En estos días ha vuelto a encenderse la polémica en relación con datos sobre los niveles de pobreza y de desempleo en el país, de resultas del más reciente Informe de Coyuntura de FUSADES, cuestionado duramente por el Ejecutivo. Las discrepancias de valoración sobre hechos reales deben ser vistas, en principio, como algo normal dentro del ejercicio democrático de la opinión; sin embargo, tal hecho se vuelve preocupante cuando su reiteración deriva en obstáculo en la ruta que conduce a la construcción de tratamientos y soluciones para los grandes problemas que nos aquejan como sociedad y como nación.
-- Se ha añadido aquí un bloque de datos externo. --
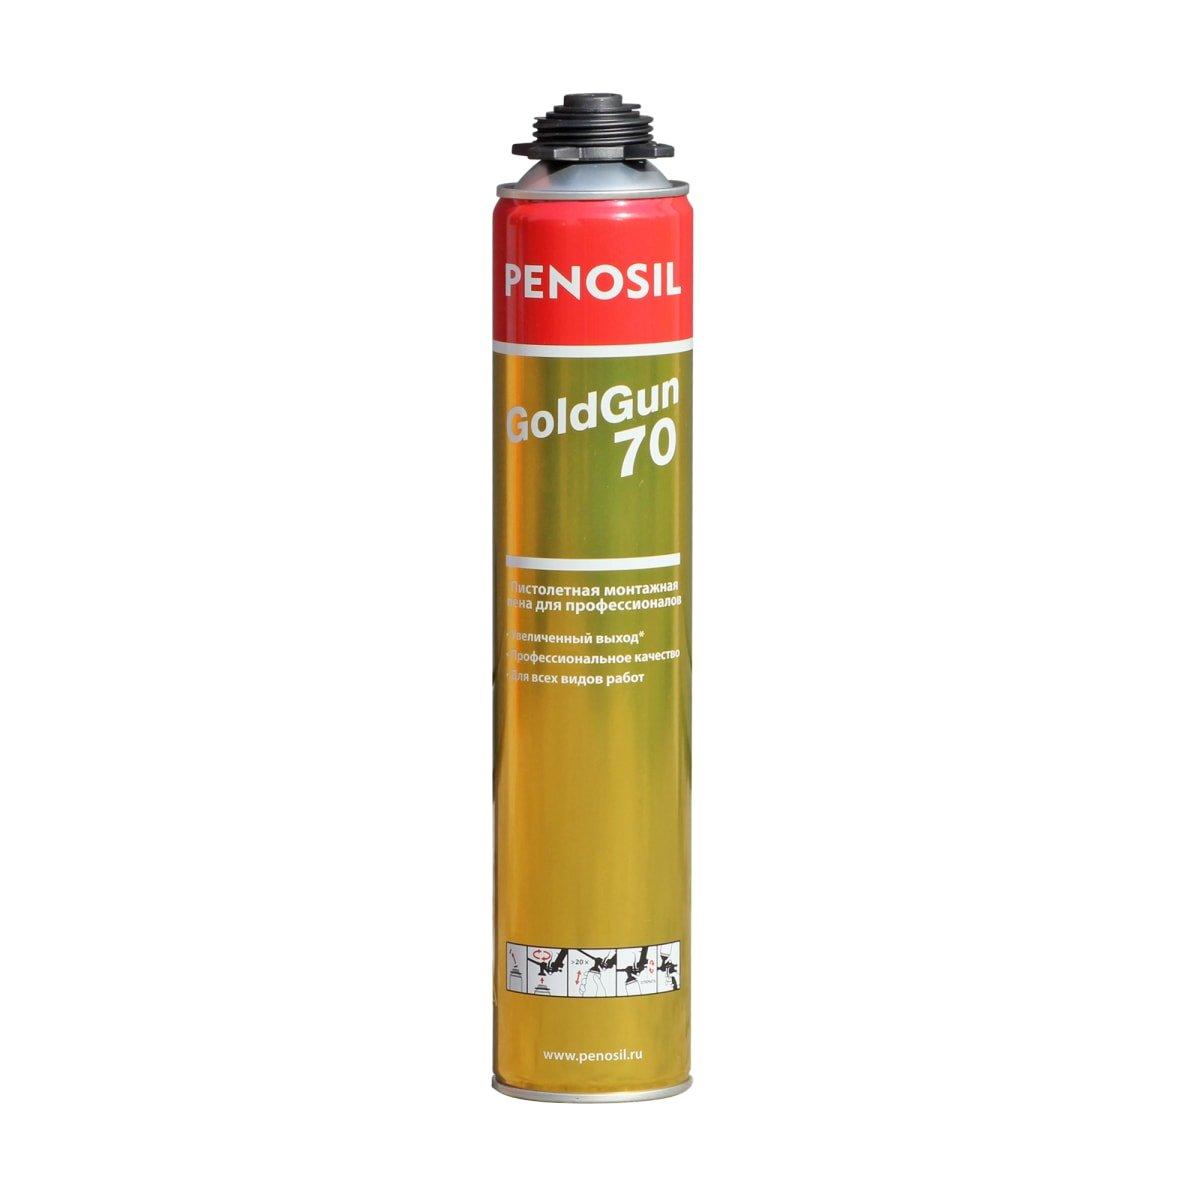 Penosil Gold Gun 70

Las evidencias de nuestra realidad están ahí, a la vista de todos. Es cierto que la institucionalidad democrática viene manifestando creciente fortaleza, al sobreponerse a los ataques que intentan vulnerarla, desde dentro de sí misma; pero a la par el crecimiento económico sigue empantanado, sin que se vean signos de activación realmente prometedores. La juventud del país está cada vez más presente en el escenario de la evolución democrática y modernizadora; pero al mismo tiempo sus oportunidades de empleo digno y seguro continúan estancadas. Hay muchas energías nuevas en el ambiente; pero la competitividad no acaba de despegar como se requiere.
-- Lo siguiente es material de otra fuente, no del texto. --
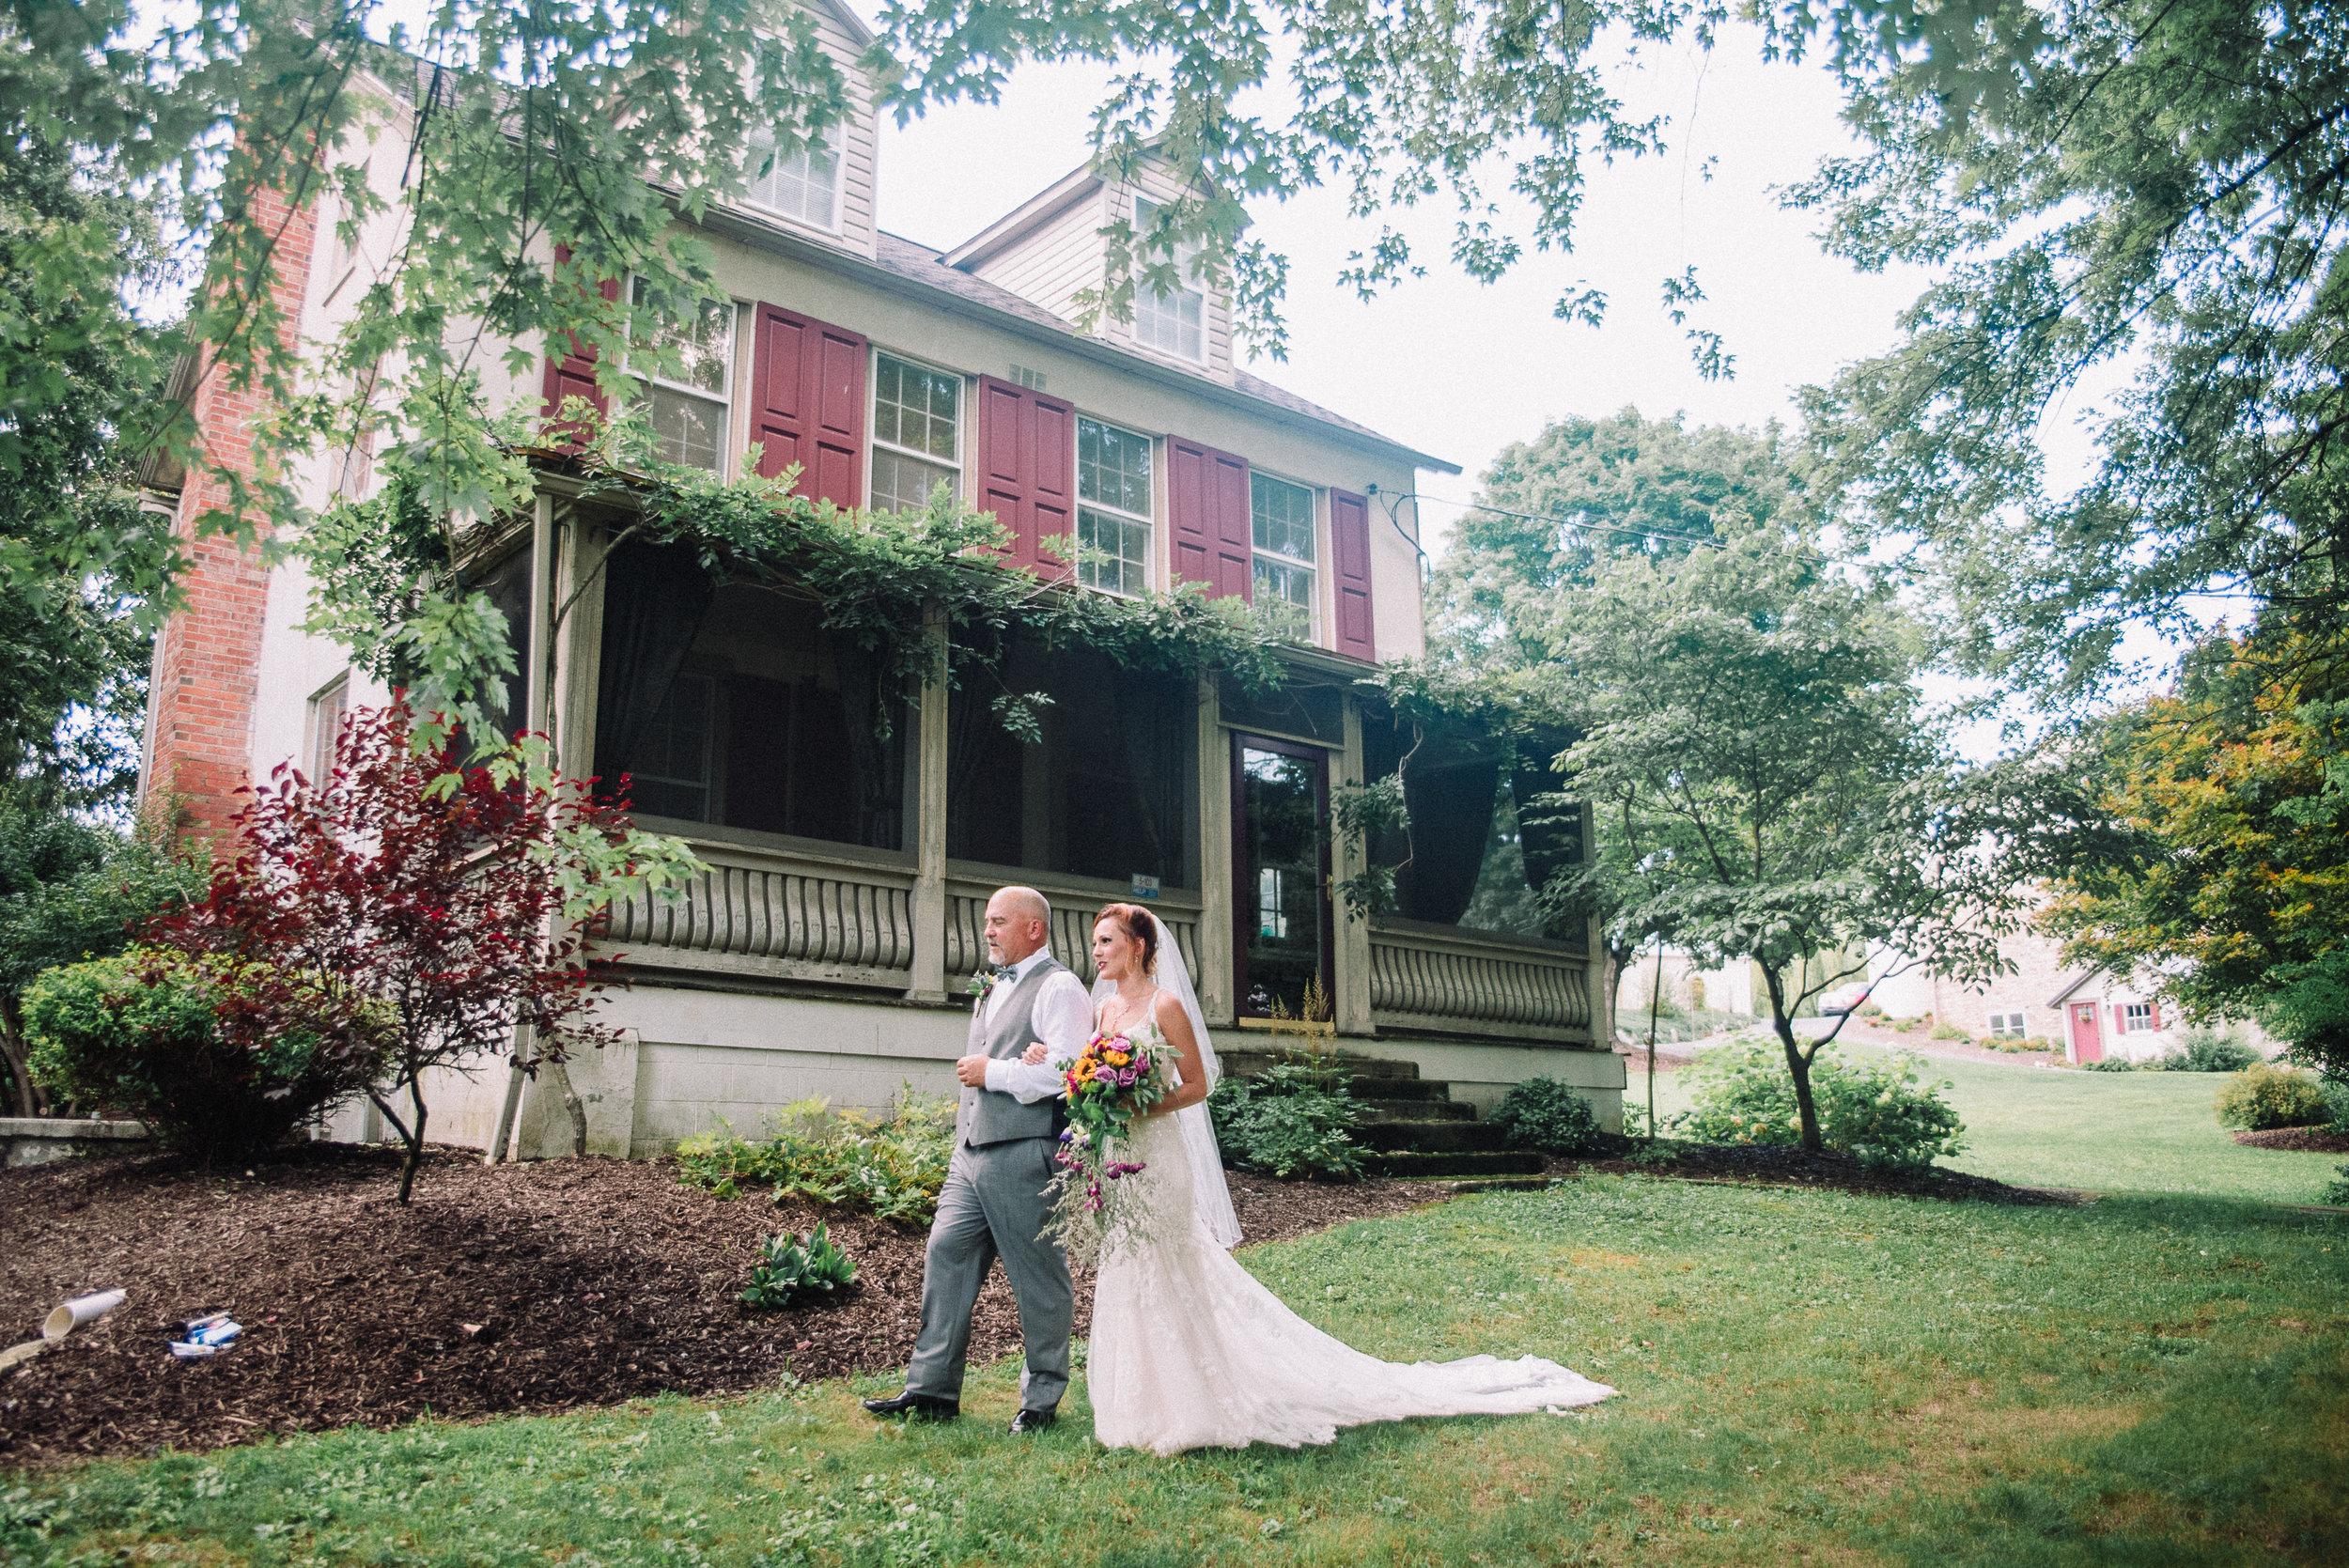 041ninalilyphoto-groveatkemptonwedding-hicksblog.jpg

Contrastes como los mencionados, que desde luego no son los únicos, deberían servir de llamamiento urgente e inaplazable para que todas las fuerzas nacionales se unan en el propósito y en el esfuerzo de dar los saltos de calidad que nuestras condiciones reclaman, en lo político, en lo económico, en lo educativo y en lo social. Todos tendrían que sentarse juntos, pero no a discutir descalificaciones mutuas, sino a analizar fenómenos reales, algunos de los cuales son verdaderamente dramáticos, como el estado calamitoso de las finanzas públicas y el hecho más que elocuente de que el 47.5% de la población sobreviva en la pobreza y 7 de cada 10 salvadoreños no tengan empleo formal.
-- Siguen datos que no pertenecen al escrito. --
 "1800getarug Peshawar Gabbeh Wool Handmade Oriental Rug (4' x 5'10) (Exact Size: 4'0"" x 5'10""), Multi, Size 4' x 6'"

La pregunta del millón, que todos tendríamos que hacernos a diario, y sobre todo que tienen que hacerse aquéllos cuyas decisiones inciden en la conducción del país, tanto desde lo público como desde lo privado, es: ¿Qué hacer al respecto? E inmediatamente, la pregunta que sigue: ¿Por dónde empezar eso que se tiene que hacer? Está visto que los formulismos tradicionales ya no dan respuestas para lo que necesitamos. Habría que generar, de inmediato, un dinamismo de creatividad de planteamientos, que atiendan a la vez el corto plazo, el plazo medio y el largo plazo Esto es mucho más que un Plan de Gobierno inevitablemente demarcado por los plazos políticos: es un Plan de País, afincado firmemente en el presente y con clara proyección de futuro.

El tiempo hace ahora mismo un doble juego respecto de esta necesidad que tanto nos apremia a los salvadoreños, sin distinciones ni exclusiones: por una parte, este día comienza la última cuarta parte de la gestión gubernamental, lo cual debería abrirles espacio a consideraciones menos cargadas de interés político inmediato; y por otra, el hecho de que esté tan próxima la nueva gestión estimula a entrarle de veras al punto de las perspectivas.

¿De dónde debería salir, entonces, el impulso motivador decisivo para emprender cuanto antes esa tarea indispensable? Pues de lo que se llama sociedad civil, en sus distintas expresiones. No hay tiempo que perder, sobre todo cuando se ha perdido ya tanto tiempo.